The members of the chorus all were incredibly in tune with each other, easily continuing the song when Gabriel’s solo ended and swaying gently along to the beat. “Trust and security is very important to have a strong performance,” said senior Arthur Motoyama, who is a tenor.

When the Jubilee Singers began to clap to the music, members of the audience joined in as if they were part of the performance as well. Throughout their concert, there was not a single person who wasn’t clapping along with the chorus.

“God’s Got It” featured senior Dagny Griggs. Her powerhouse vocals echoed through the auditorium as she belted out the lyrics to the upbeat Christian gospel song. “I really liked the energy level of it,” Gabriel said. “Everyone was really involved in the performance.”

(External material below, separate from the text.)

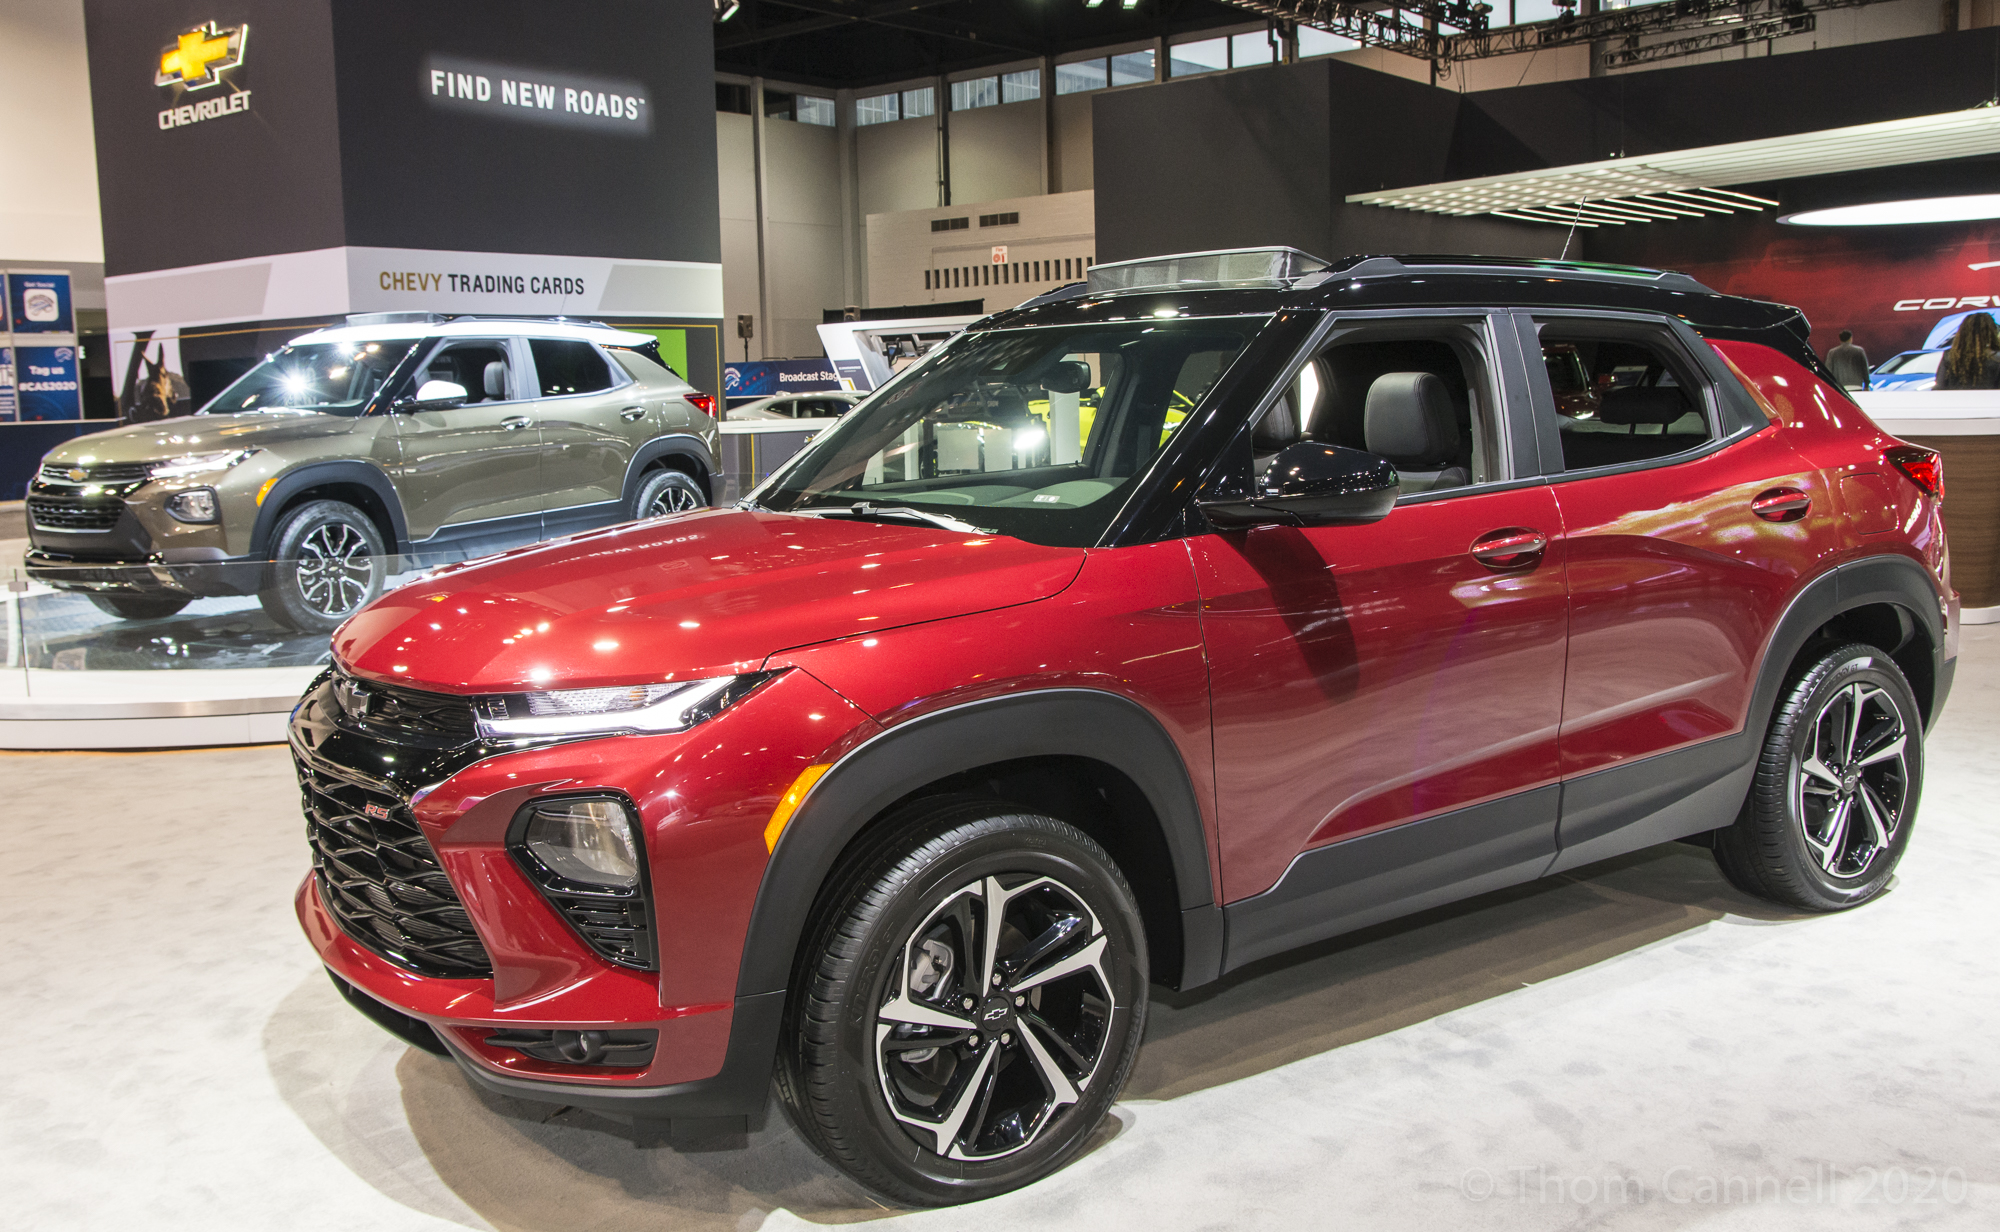 General Motors Shows Off New Product At The 2020 Chicago Auto Show | GM ...

Notably, the choir performed “B.E. Y.O.U.,” which was written by Jubilee Singers alumnus Alexi Paraschos ‘05 and is, according to Reid, a highlight every year. According to Gabriel, the message of the song is important because “a lot of people like to change themselves because people tell them to, but that’s not really who they are.”

According junior Julianna Walsh, who is a soprano, “Free,” which featured seniors Jenn Tang and Lasya Thavanati, was a favorite among the singers. “It was a very powerful song and singing it with everyone really made me feel it. We all really got into the lyrics, and it was very meaningful and fun to perform it,” said Walsh.

The setlist was comprised of a variety of songs such as African spirituals, Civil Rights Movement protest songs, or inspiring tunes encouraging people to be themselves. 

“But in the end it’s not really the ‘genre’ that matters,” said senior Arthur Motoyama. “It’s where the music comes from: who wrote it, what experiences and ideas it was influenced by, and what the intended effect is.”

The Jubilee Singers brought positive and inspiring messages along with soulful music and beautiful vocals. According to Motoyama, the concert also serves as a reminder that North students should be thankful for their freedoms, and that the school should strive towards “[reaching] a point where everyone both within our community and around the world are able to…have their voices heard.”